• _Exercise_
Using the data below, reproduce exactly the lines from the line with "Deep Purple a" to the line with "Elegante Kleider Zur", both included; pictures must be dropped.

• _Source data_
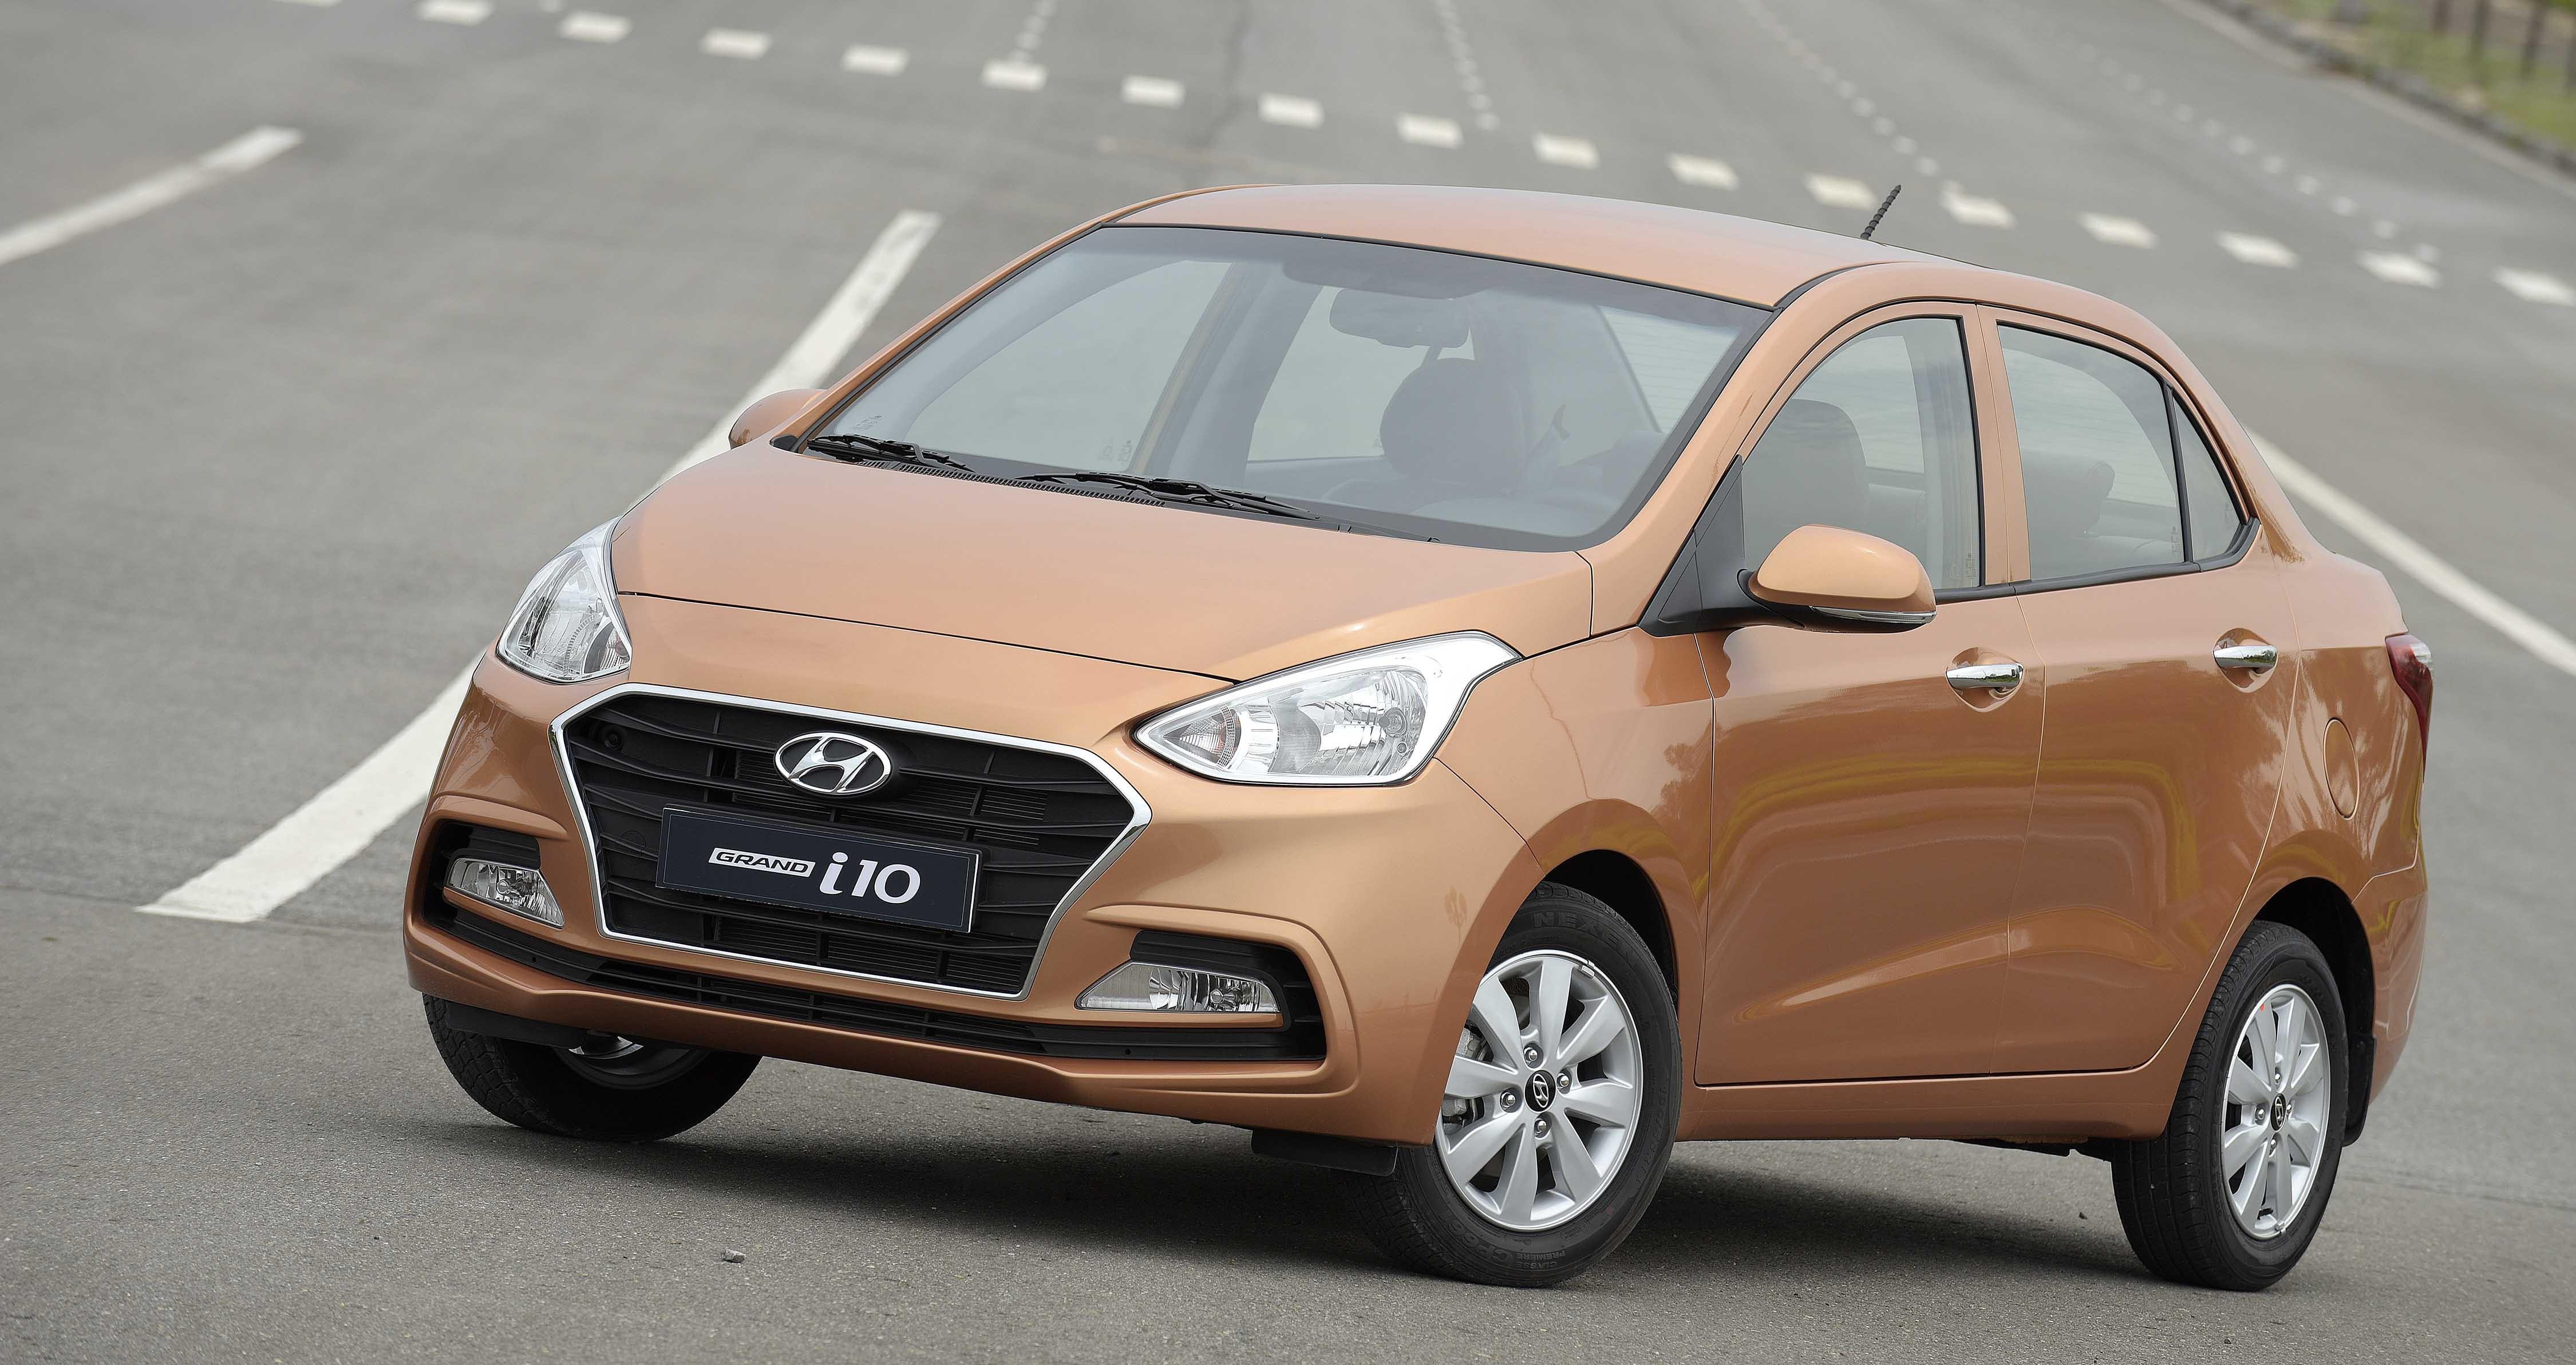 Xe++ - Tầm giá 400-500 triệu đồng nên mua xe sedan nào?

--

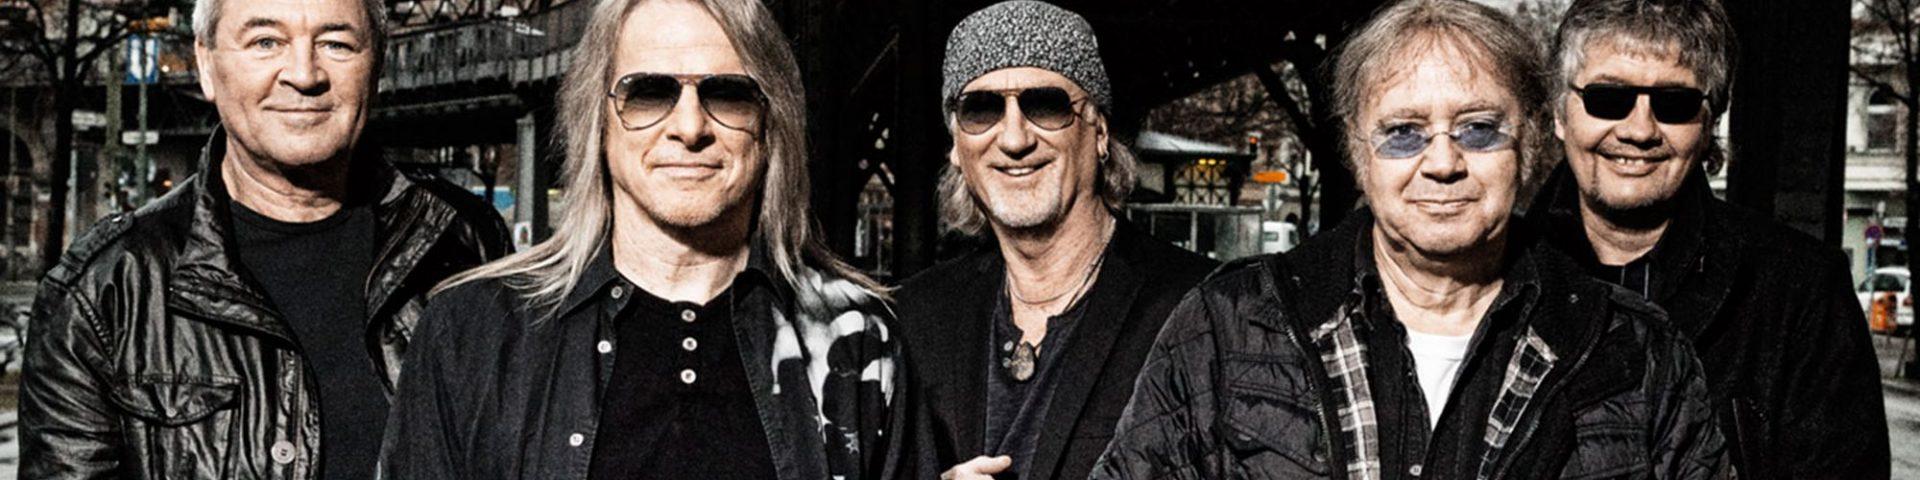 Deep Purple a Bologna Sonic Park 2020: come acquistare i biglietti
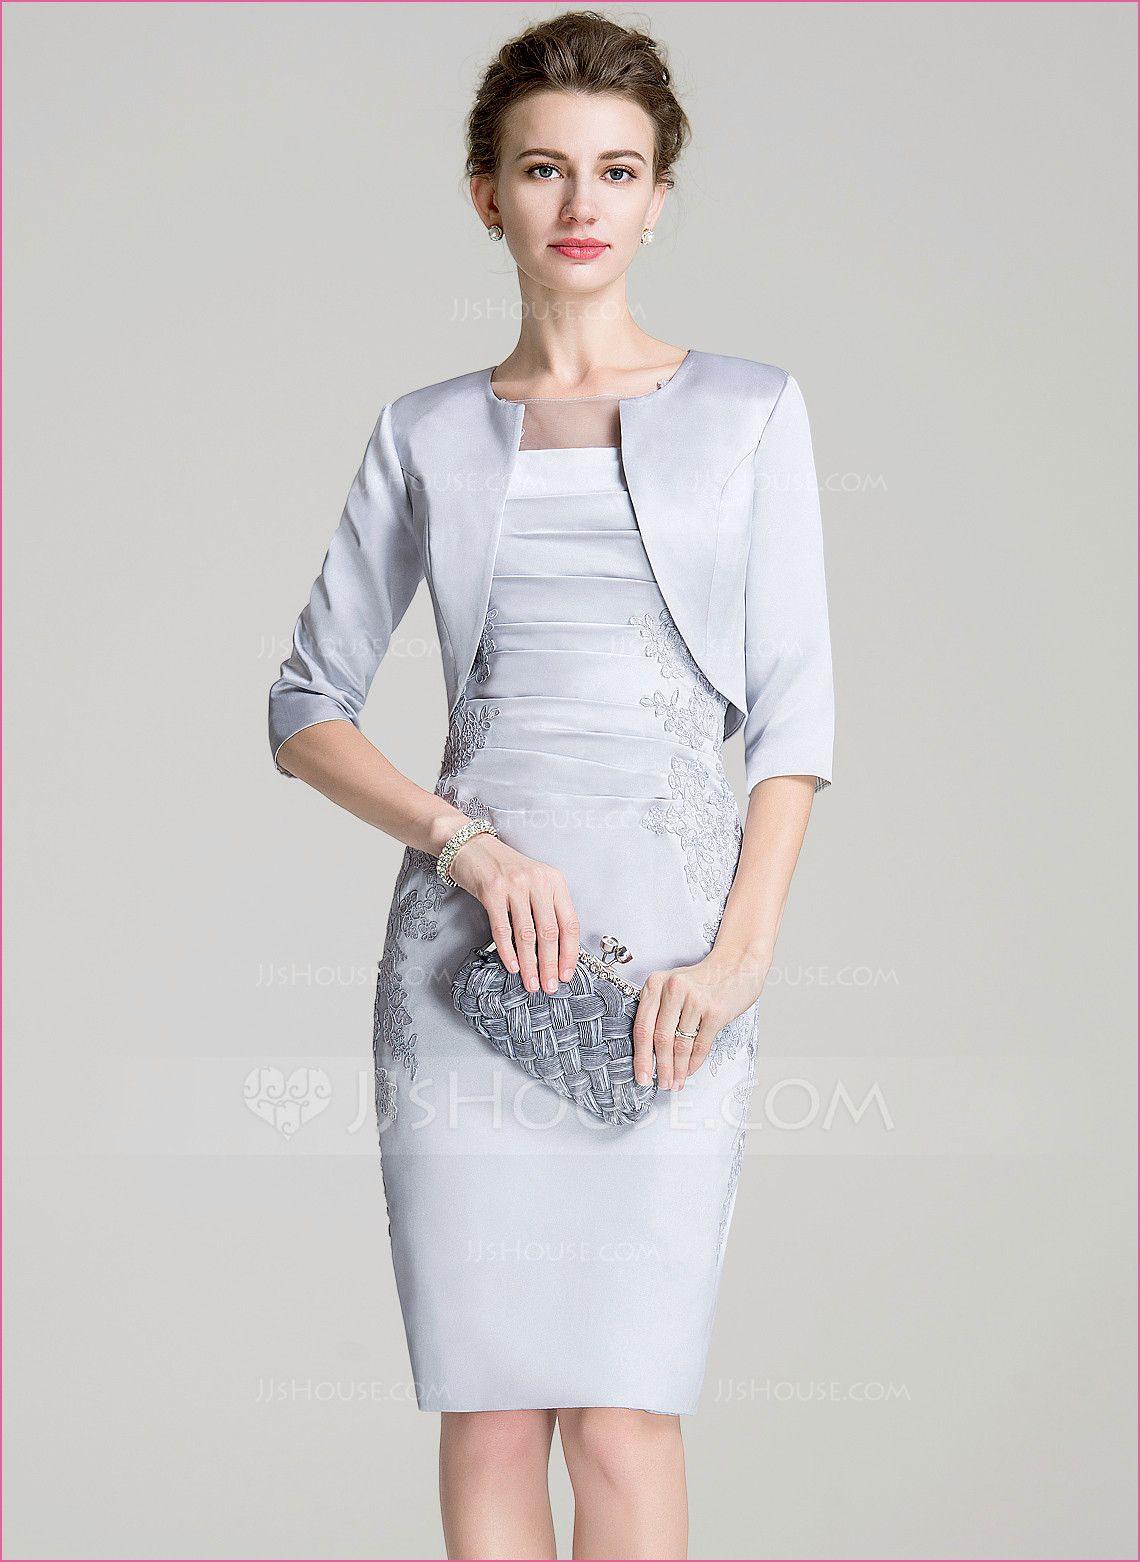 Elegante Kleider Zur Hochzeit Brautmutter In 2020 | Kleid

• _Answer area_
 Deep Purple a Bologna Sonic Park 2020: come acquistare i biglietti
 Elegante Kleider Zur Hochzeit Brautmutter In 2020 | Kleid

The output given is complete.